Bill Allows Gulf States To Share Offshore Drilling Royalties 
December 13, 2006 

WASHINGTON – On Saturday, Congress passed a bill that opens up about 8 million acres in the Gulf of Mexico to oil and gas drilling, the Washington Post reports. The legislation also gives Louisiana, Texas, Alabama and Mississippi 37.5 percent of federal royalties from future drilling.

U.S. industrial consumer of natural gas say the offshore drilling could boost supplies and moderate prices. Opponents of the bill say that states against offshore drilling, such as California, Florida, North Carolina, South Carolina and Virginia, would be tempted to support exploration off their shorelines in return for a new revenue stream.

The additional domestic production of oil and natural gas will benefit consumers throughout the United States by providing additional energy security and improving the delicate balance between supply and demand.

Sen. Mary Landrieu (D-LA), co-author the bill with Sen. Pete Domenici (R-NM), told the newspaper that "this was the best Christmas present I could ever, ever have gotten or that the state of Louisiana could have gotten.” Louisiana stands to receive $650 million a year from the royalties.

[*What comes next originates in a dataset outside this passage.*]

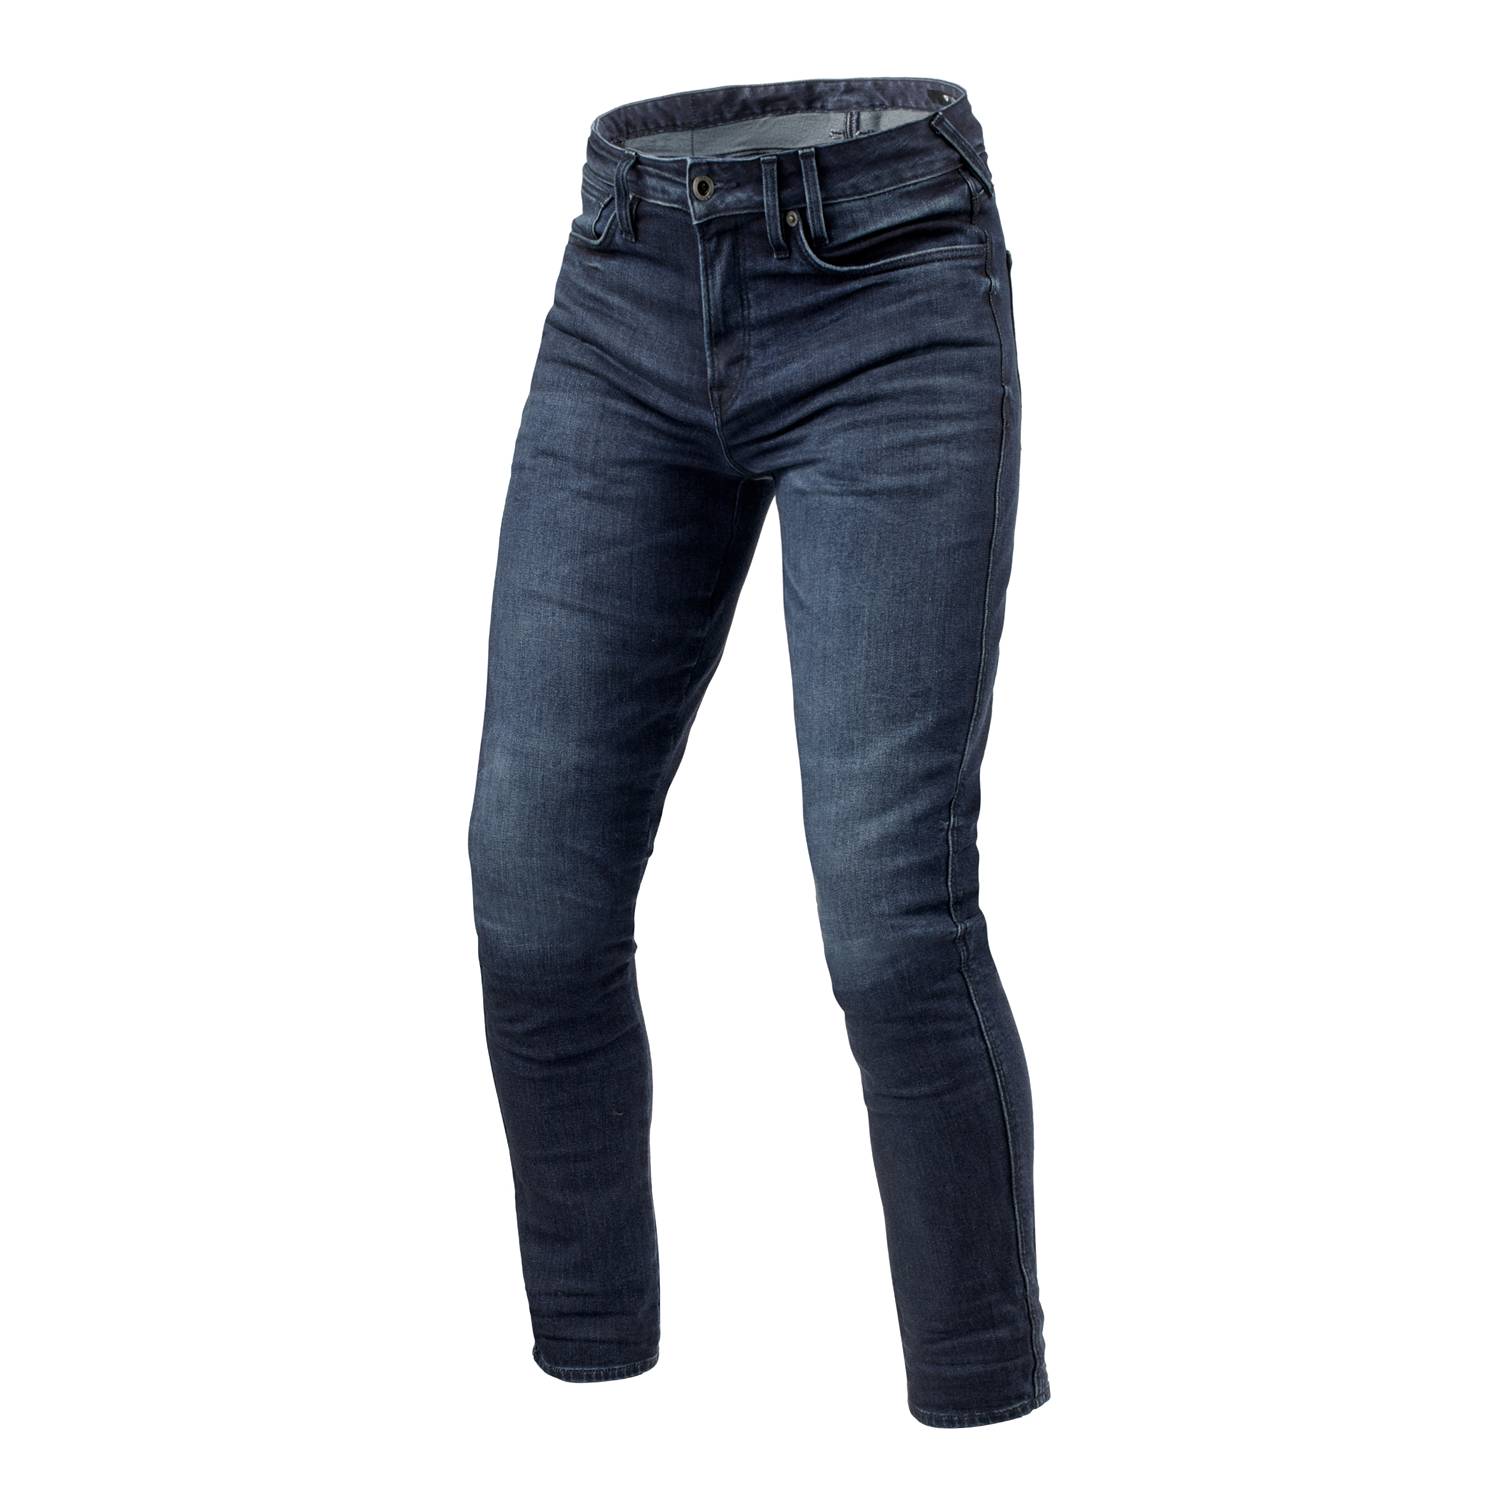 Image of REV'IT! Jeans Carlin SK Dark Blue Used L34 Motorcycle Jeans Größe L34/W33

Sen. Landrieu says the money from the drilling would go to help Louisiana restore coastal wetlands and take measures to protect such energy infrastructure as ports, pipelines and oil refineries. To ease congressional concerns that Louisiana will treat the royalties as a windfall for general spending, the state amended its constitution to restrict use of the money to those purposes, the newspaper reports.